● Instructions for the task
Restate word for word every line from the one containing "VH-YFF, 2011 Boeing" to the last line of the records below.

==============================

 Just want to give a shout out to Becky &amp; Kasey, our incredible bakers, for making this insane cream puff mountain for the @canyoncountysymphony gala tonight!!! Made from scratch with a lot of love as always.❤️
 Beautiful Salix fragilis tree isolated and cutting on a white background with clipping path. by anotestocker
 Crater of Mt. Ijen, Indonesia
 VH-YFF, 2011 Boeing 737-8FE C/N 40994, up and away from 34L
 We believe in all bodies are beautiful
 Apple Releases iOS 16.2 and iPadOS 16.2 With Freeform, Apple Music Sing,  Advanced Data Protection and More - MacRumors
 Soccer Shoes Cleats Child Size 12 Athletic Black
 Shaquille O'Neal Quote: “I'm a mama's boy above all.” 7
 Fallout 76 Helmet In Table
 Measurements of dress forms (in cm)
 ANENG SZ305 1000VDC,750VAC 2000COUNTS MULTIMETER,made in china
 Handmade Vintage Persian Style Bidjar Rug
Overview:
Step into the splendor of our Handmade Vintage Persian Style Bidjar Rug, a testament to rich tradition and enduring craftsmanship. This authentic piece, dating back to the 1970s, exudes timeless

==============================

● Result for this task
 VH-YFF, 2011 Boeing 737-8FE C/N 40994, up and away from 34L
 We believe in all bodies are beautiful
 Apple Releases iOS 16.2 and iPadOS 16.2 With Freeform, Apple Music Sing,  Advanced Data Protection and More - MacRumors
 Soccer Shoes Cleats Child Size 12 Athletic Black
 Shaquille O'Neal Quote: “I'm a mama's boy above all.” 7
 Fallout 76 Helmet In Table
 Measurements of dress forms (in cm)
 ANENG SZ305 1000VDC,750VAC 2000COUNTS MULTIMETER,made in china
 Handmade Vintage Persian Style Bidjar Rug
Overview:
Step into the splendor of our Handmade Vintage Persian Style Bidjar Rug, a testament to rich tradition and enduring craftsmanship. This authentic piece, dating back to the 1970s, exudes timeless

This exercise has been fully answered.